One range is to be output from the listing below, exactly as written: the line with "Кровать односпальная Хедвиг" to the line with "Bộ thu Bluetooth", both kept.
┌──
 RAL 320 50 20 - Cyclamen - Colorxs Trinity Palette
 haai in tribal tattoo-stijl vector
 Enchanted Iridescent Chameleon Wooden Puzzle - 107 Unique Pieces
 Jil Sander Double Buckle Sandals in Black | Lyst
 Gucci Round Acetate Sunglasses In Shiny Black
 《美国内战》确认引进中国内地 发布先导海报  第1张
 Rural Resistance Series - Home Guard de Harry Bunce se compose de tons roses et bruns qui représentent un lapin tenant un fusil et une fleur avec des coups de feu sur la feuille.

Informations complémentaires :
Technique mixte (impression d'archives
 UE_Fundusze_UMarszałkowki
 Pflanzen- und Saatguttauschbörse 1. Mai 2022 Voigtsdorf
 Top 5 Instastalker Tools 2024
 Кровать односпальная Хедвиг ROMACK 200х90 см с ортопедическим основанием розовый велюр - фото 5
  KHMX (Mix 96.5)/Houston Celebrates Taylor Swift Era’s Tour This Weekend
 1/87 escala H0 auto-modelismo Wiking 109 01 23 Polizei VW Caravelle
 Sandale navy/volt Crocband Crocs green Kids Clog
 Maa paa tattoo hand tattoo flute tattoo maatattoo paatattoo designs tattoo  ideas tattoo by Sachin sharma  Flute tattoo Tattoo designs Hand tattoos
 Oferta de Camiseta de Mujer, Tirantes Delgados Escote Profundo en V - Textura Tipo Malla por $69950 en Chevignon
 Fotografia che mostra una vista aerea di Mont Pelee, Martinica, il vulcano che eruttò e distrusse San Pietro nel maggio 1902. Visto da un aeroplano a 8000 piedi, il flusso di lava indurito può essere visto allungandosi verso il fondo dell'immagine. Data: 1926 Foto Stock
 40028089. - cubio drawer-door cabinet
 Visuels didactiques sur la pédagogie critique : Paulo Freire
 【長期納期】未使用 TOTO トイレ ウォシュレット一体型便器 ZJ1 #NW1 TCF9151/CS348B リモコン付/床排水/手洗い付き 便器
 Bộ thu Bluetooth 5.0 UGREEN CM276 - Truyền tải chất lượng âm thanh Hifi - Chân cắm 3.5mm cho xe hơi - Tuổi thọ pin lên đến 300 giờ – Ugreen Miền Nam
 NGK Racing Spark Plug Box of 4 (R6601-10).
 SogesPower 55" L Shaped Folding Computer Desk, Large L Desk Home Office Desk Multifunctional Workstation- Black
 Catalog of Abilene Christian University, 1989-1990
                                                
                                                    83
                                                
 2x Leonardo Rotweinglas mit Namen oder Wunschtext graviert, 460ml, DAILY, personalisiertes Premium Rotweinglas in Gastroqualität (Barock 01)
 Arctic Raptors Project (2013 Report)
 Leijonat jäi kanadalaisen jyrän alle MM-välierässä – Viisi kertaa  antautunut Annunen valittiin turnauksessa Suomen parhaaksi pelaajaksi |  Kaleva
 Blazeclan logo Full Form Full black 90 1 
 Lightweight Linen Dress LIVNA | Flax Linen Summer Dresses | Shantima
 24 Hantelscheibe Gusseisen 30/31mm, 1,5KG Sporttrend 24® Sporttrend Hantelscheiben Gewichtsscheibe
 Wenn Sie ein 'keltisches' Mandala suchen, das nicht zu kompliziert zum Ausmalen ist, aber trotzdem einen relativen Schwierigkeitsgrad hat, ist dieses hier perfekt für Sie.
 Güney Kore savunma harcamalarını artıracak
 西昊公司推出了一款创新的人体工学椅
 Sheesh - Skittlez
└──
• RESULT BELOW:
 Кровать односпальная Хедвиг ROMACK 200х90 см с ортопедическим основанием розовый велюр - фото 5
  KHMX (Mix 96.5)/Houston Celebrates Taylor Swift Era’s Tour This Weekend
 1/87 escala H0 auto-modelismo Wiking 109 01 23 Polizei VW Caravelle
 Sandale navy/volt Crocband Crocs green Kids Clog
 Maa paa tattoo hand tattoo flute tattoo maatattoo paatattoo designs tattoo  ideas tattoo by Sachin sharma  Flute tattoo Tattoo designs Hand tattoos
 Oferta de Camiseta de Mujer, Tirantes Delgados Escote Profundo en V - Textura Tipo Malla por $69950 en Chevignon
 Fotografia che mostra una vista aerea di Mont Pelee, Martinica, il vulcano che eruttò e distrusse San Pietro nel maggio 1902. Visto da un aeroplano a 8000 piedi, il flusso di lava indurito può essere visto allungandosi verso il fondo dell'immagine. Data: 1926 Foto Stock
 40028089. - cubio drawer-door cabinet
 Visuels didactiques sur la pédagogie critique : Paulo Freire
 【長期納期】未使用 TOTO トイレ ウォシュレット一体型便器 ZJ1 #NW1 TCF9151/CS348B リモコン付/床排水/手洗い付き 便器
 Bộ thu Bluetooth 5.0 UGREEN CM276 - Truyền tải chất lượng âm thanh Hifi - Chân cắm 3.5mm cho xe hơi - Tuổi thọ pin lên đến 300 giờ – Ugreen Miền Nam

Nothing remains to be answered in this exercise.